Since the establishment of the State of Israel in 1948, there have been countless incidents that prove Hillel’s axiom “If I am not for myself, who will be for me”: the War of Independence when the US and the UK sat on the sidelines; the 1973 Yom Kippur War; the bombing of Iraq’s nuclear reactor; and the decision to reject George W. Bush’s diplomatic plan in 2007 and instead bomb a nuclear reactor Syrian President Bashar Assad was building in northeast Syria.
 
In between, Israelis have seen their country become diplomatically isolated when it needed help the most, during periods like the Second Intifada, and more recently, vis-à-vis the violence it continues to face from Hamas in the Gaza Strip.
 
This doesn’t mean that America is against Israel. Even with this new tension, Israeli-US military and intelligence ties continue at a high level as do diplomatic and trade relations. The US still is Israel’s best friend in the world.
 
Nevertheless, the new reality does mean that under Trump, American influence and power has dramatically diminished in the Middle East and is no longer a force to fear – all bad for Israel.
 
When America is perceived as weak in the region, Israel is perceived as weak, and when America is viewed as being strong, Israel is seen as being strong. This is because since the 1960s when John F. Kennedy started supplying Israel with strategic weaponry, Israel’s deterrence has rested on three key pillars: its powerful and technologically advanced conventional military; its purported nuclear capability; and its alliance with the United States. When one of these three pillars wavers, it automatically impacts the other two.

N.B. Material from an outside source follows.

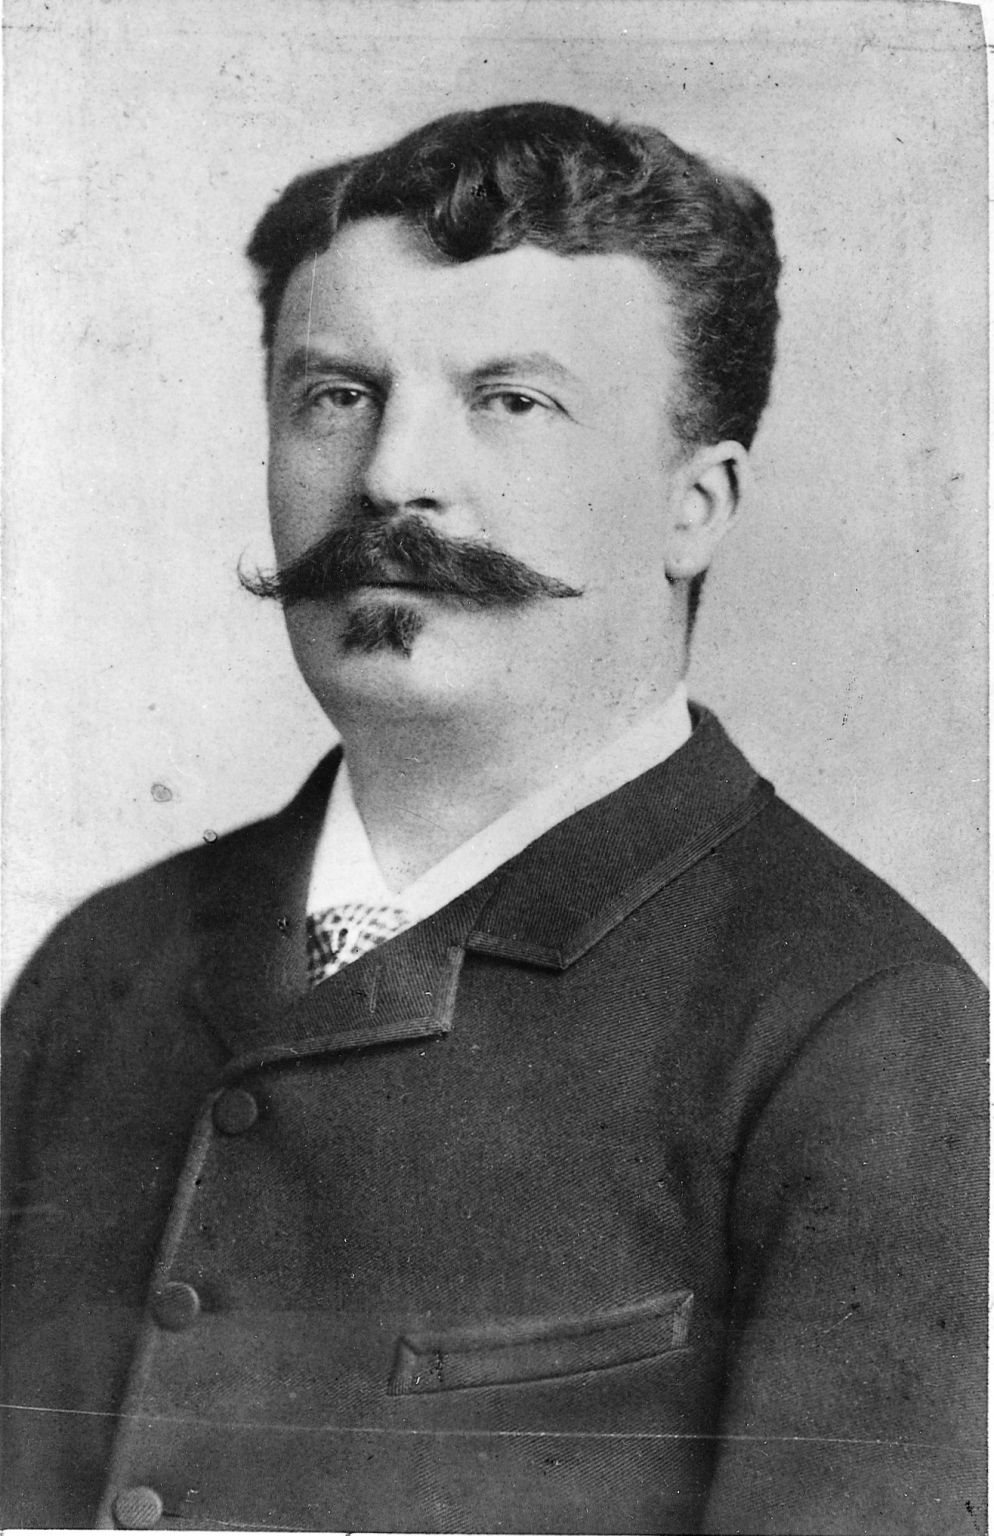 photographie de Guy de Maupassant, écrivain français (1850-1893)

In the short term, this might mean that Iran will try to test Israel. Israeli officials are already openly speaking about the possibility that Tehran will attempt a Saudi oil-refinery-style attack against a similar installation in Israel.
 
Whether that happens – and how it plays out – will determine what comes next. Either way, the path to a larger-scale conflict between Israel and Iran has become shorter. We have Trump to thank for that.